What is the difference between OSS support and commercial support for Nuxt?
OSS support means the Nuxt core team publishes official releases covering bug fixes, security patches, and module compatibility updates. Commercial support (via HeroDevs NES) kicks in after OSS EOL and provides continued security and browser compatibility fixes for a subscription fee. Commercial support does not add new features -- it only maintains security and stability for teams that cannot migrate immediately.

How do I know if my Nuxt version is still receiving security patches?
Check the major version of your project against the release table above. If the "End of support (OSS)" column shows a past date, your version is no longer receiving any patches. If it shows "TBD," your version is the current active major and is fully supported. The official Nuxt blog publishes EOL announcements in advance, giving teams time to plan migrations before support ends.

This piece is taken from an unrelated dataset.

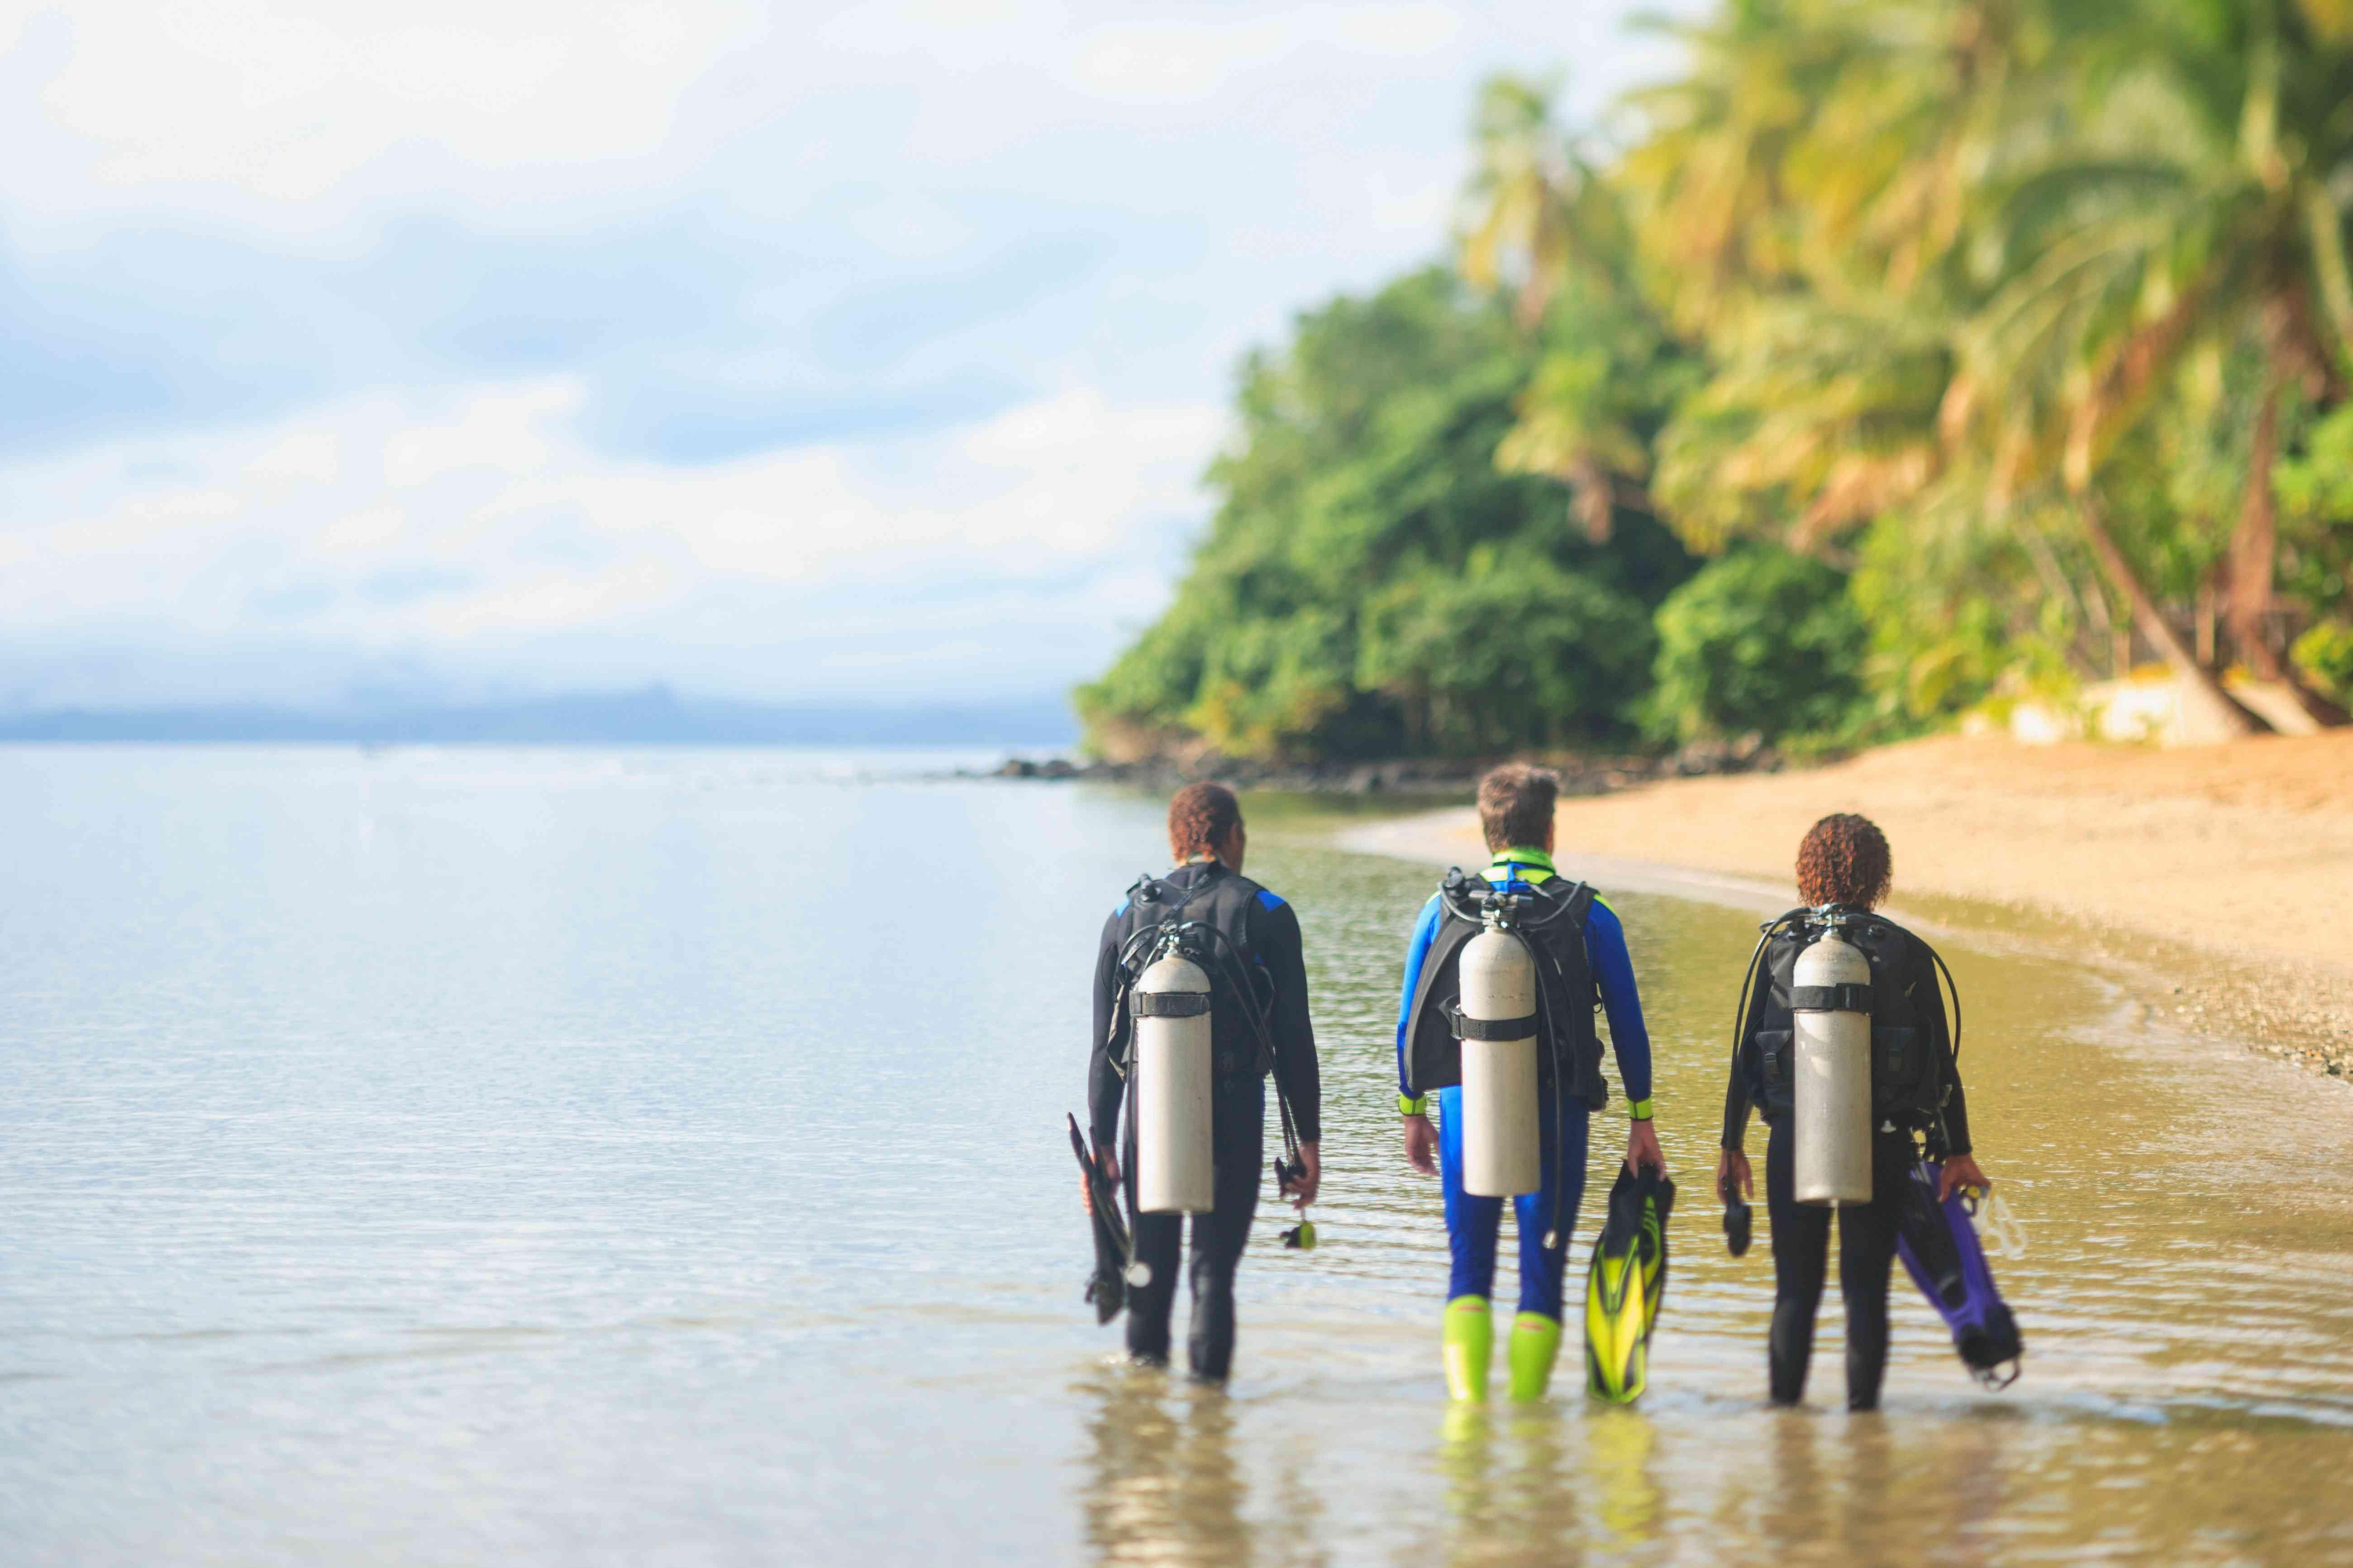 Scuba divers walking on tropical beach

What should I do when my Nuxt major version reaches end of life?
The recommended path is to upgrade to the next consecutive major version. The Nuxt team guarantees an upgrade path between every consecutive major, so skipping versions is not necessary. Start with the official upgrade guide, which documents all breaking changes. If your project cannot migrate within the EOL timeline due to dependency constraints or team bandwidth, evaluate commercial extended support from HeroDevs as a bridge while planning the full migration.